Went shopping at a couple of local stores today & stopped by a cigar shop. I finally found a 2.5 gallon tupperware & a couple of other stuff. What steps do I need to do to get the tupperware ready for my cigars? Can I just wash then out with warm water & soap or do I need to do more? Take a look at the pic & let me know if it is a good start. Thanks!


----------



## FWTX (Feb 9, 2011)

PearlWhiteGT said:


> Went shopping at a couple of local stores today & stopped by a cigar shop. I finally found a 2.5 gallon tupperware & a couple of other stuff. What steps do I need to do to get the tupperware ready for my cigars? Can I just wash then out with warm water & soap or do I need to do more? Take a look at the pic & let me know if it is a good start. Thanks!


Just what you said - looks good. You just need to get your humidity control set up.
I use beads and cat litter - beads are far more efficient that silica gel cat litter but also expensive by comparison.
There are ongoing arguments (light-hearted) about both. Smaller containers lend themselves to beads because you only have to use about 1/4 of the volume to control rh. But you could try the cat litter for less $$ if you have the space, and I think you do - you can check the bead vs. litter threads.
You're on your way - good luck. :rockon:


----------



## Cigary (Oct 19, 2007)

PearlWhiteGT said:


> Went shopping at a couple of local stores today & stopped by a cigar shop. I finally found a 2.5 gallon tupperware & a couple of other stuff. What steps do I need to do to get the tupperware ready for my cigars? Can I just wash then out with warm water & soap or do I need to do more? Take a look at the pic & let me know if it is a good start. Thanks!
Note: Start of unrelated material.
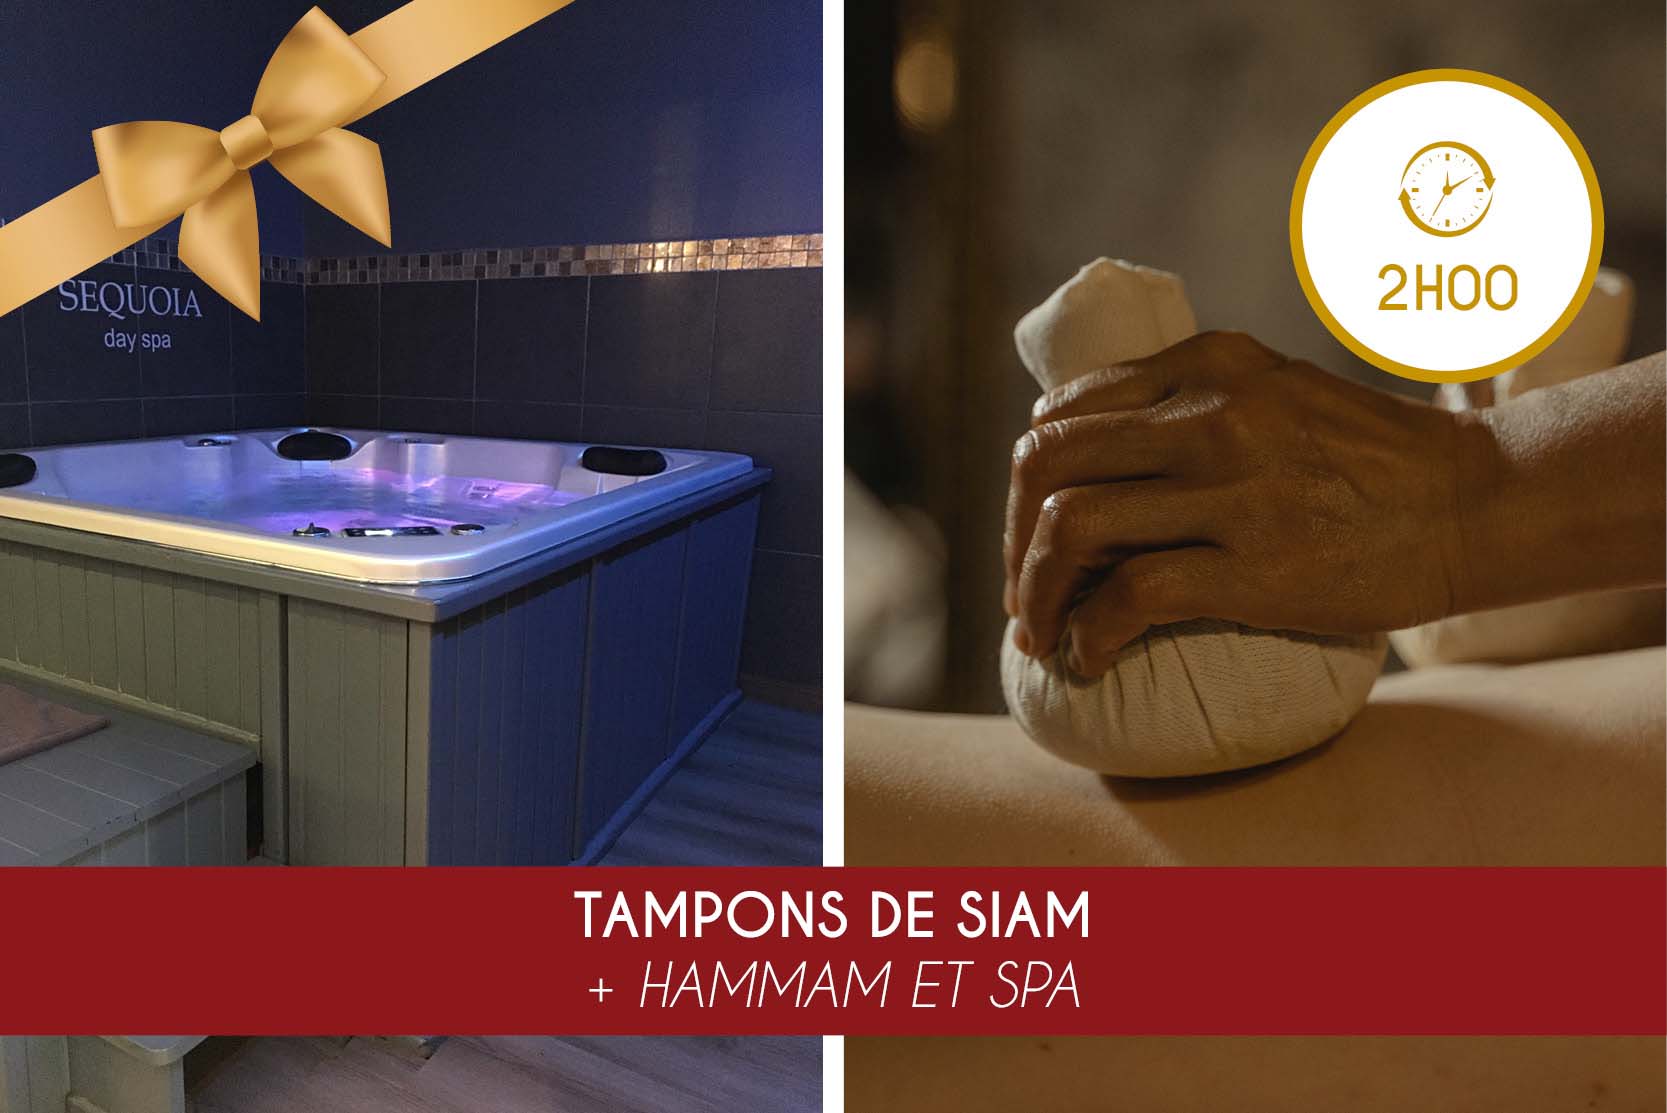 TAMPONS DE SIAM (1H00) + HAMMAM ET SPA

*Looks like you have what you need...if the tupperware has an odor to it then yes, soap & water should take care of your needs. Let it air out for a day and then load it up. One thing I think you should consider since I have done this 10 times is you want cedar either lined on the entire bottom or just use empty cigar boxes as this will help regulate RH and if you use beads/KL/ or even rectangular humidifiers you will be good to go. I've seen the cigar boxes take up to a couple of days to keep the RH where it needs to be while cedar sheets only take a few hours.*


----------